— Прошу прошения, господин генерал, если позволю дать несколько советов. — Получив от Баура утвердительный кивок, полковник продолжил: — Бутырка — следственный изолятор русской службы государственной безопасности. Здесь содержат генералов, адмиралов и высших офицеров вермахта, люфтваффе, кригсмарин, СС и СД, высших чиновников рейха, а также захваченный в плен командный состав вооруженных сил, полиции, жандармерии, разведки и контрразведки Румынии, Венгрии, Словакии. Есть несколько итальянских генералов и даже болгарских, отказавшихся переходить на сторону коммунистов.
— Откуда у вас эти сведения, полковник? — Баур пригласил фон Клюге присесть к нему на койку.
— Тюремный телеграф, господин генерал, никто не отменял.
— Прошу прощения, вы не родственник фельдмаршала фон Клюге?
— Племянник, господин генерал. — Полковник опустил голову. — Вы, видимо, тоже его считаете предателем?
— Нет, полковник, не считаю. — Баур заметил, все офицеры внимательно глядели на него. — Я исключительно высокого мнения о вашем дяде и всегда уважал его.

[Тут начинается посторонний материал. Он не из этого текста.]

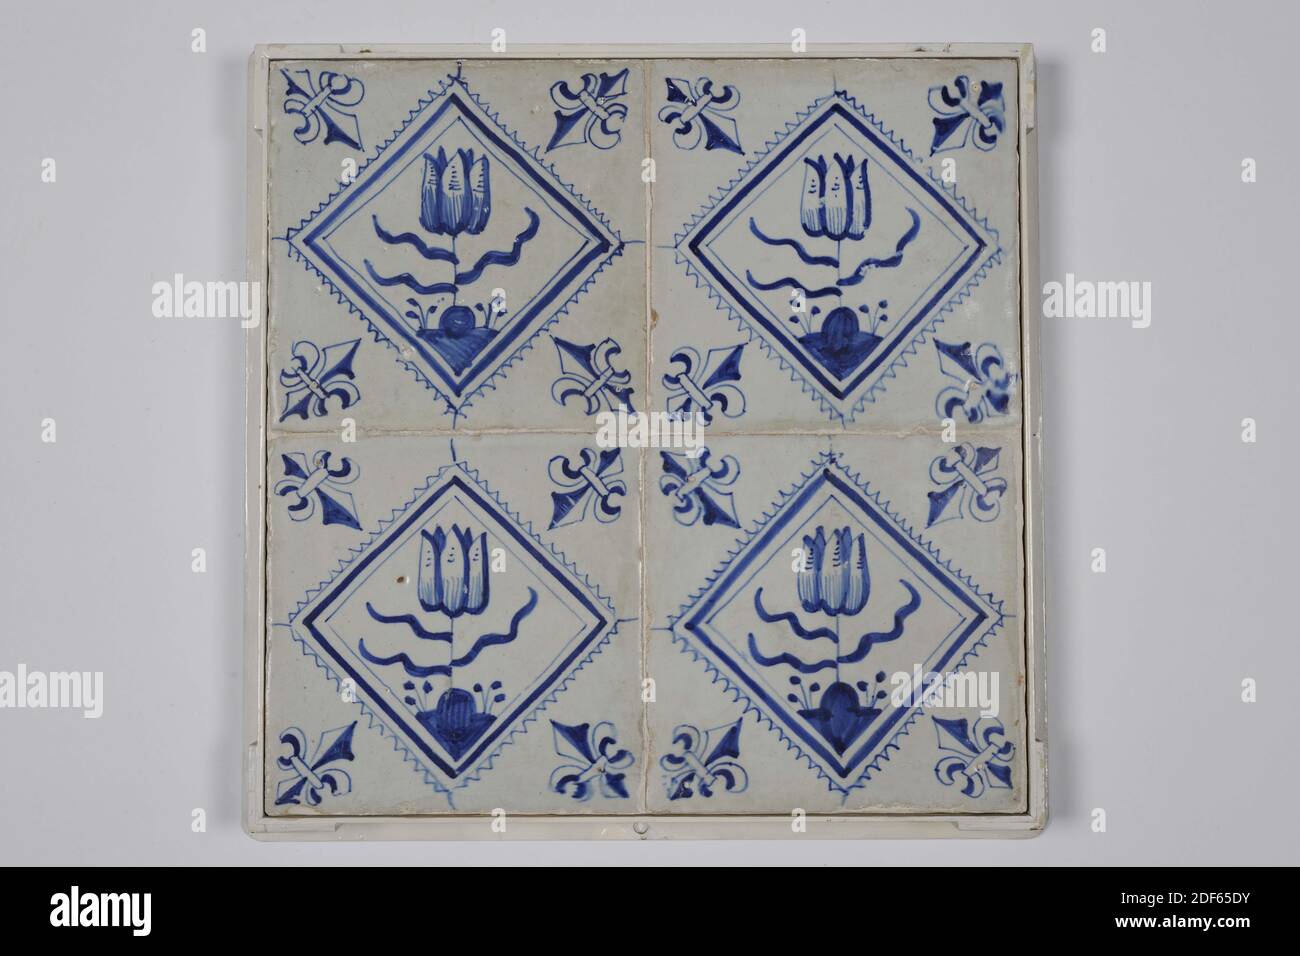 Champ de carreaux, Anonyme, première moitié du XVIIe siècle, glaçure d'étain, faïence, avec cadre : 28 x 28 x 3,5cm (280 x 280 x 35mm), carreau : 13 x 13 x 1,2 cm (130 x 130 x 12 mm), tulipe, pays-Bas du Nord, Tegelveld de quatre (deux par deux) carreaux de faïence recouverts de vernis d'étain et peints en bleu. Les tulipes sont représentées dans un carré dentelé sur les carreaux. La tuile a un motif de coin en tant que nénuphar, Date1985 Banque D'Images
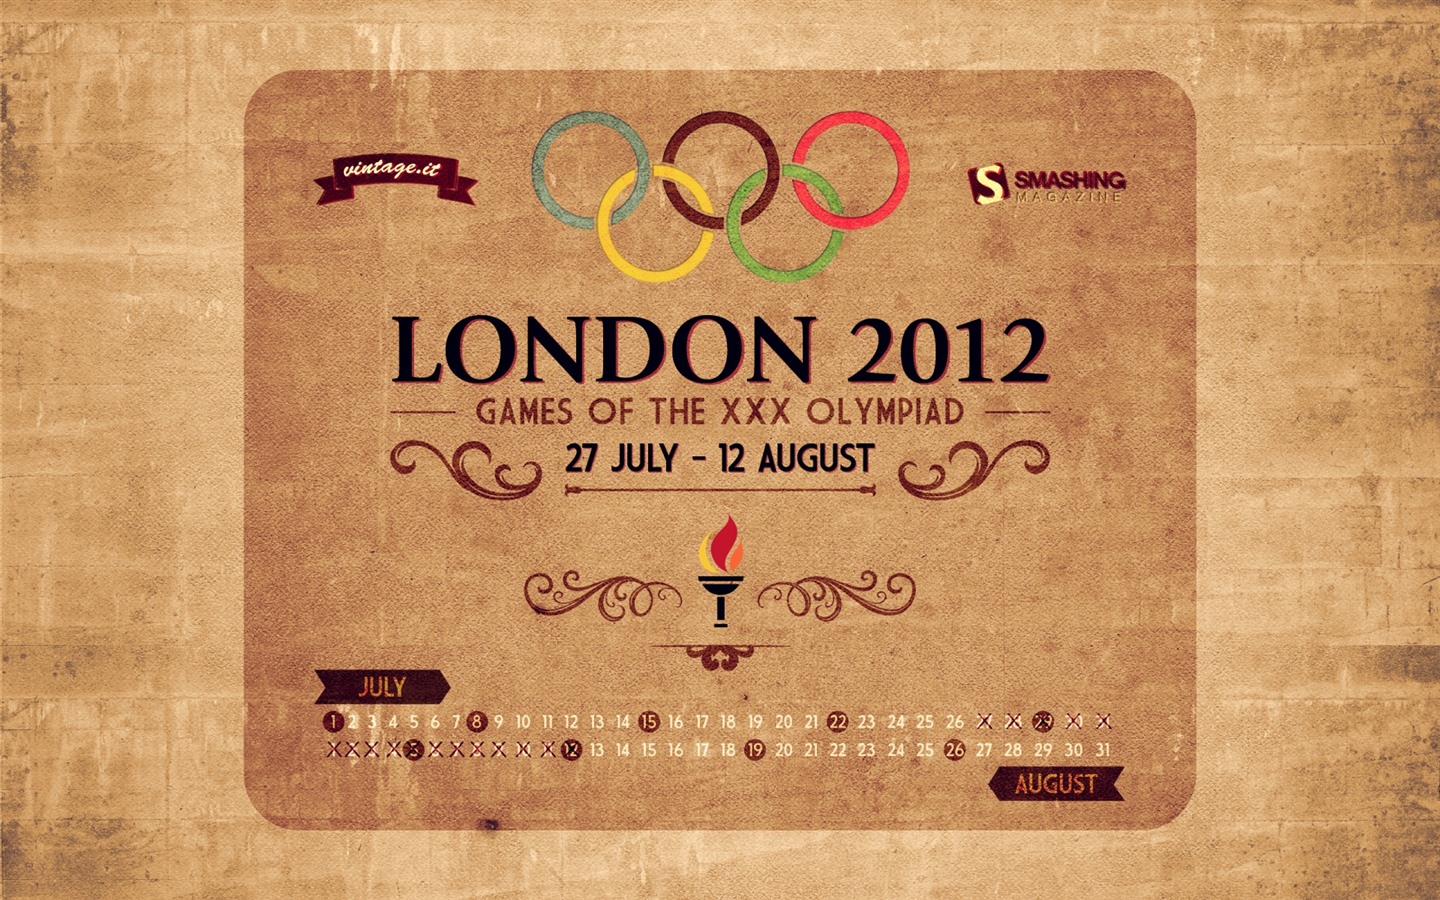 Londres 2012 Olimpiadas fondos temáticos (1) #24 - 1440x900

В октябре сорок третьего по приказу фюрера мне на легком «шторьхе» пришлось эвакуировать фельдмаршала из-под Минска после автокатастрофы, в которой он получил тяжелые травмы. Он был мужественным человеком. Его самоубийство потрясло всех знавших его[42]
.Полковник встал по стойке смирно, щелкнув каблуками, произнес дрожащим от волнения голосом:
— Благодарю, господин генерал.
— Присаживайтесь и рассказывайте. Кто из генералов и старших офицеров здесь сидит? Какие тут порядки? Как кормят? Разрешают ли переписку с родственниками? Почему на ваших лицах следы побоев? Вас что, пытали?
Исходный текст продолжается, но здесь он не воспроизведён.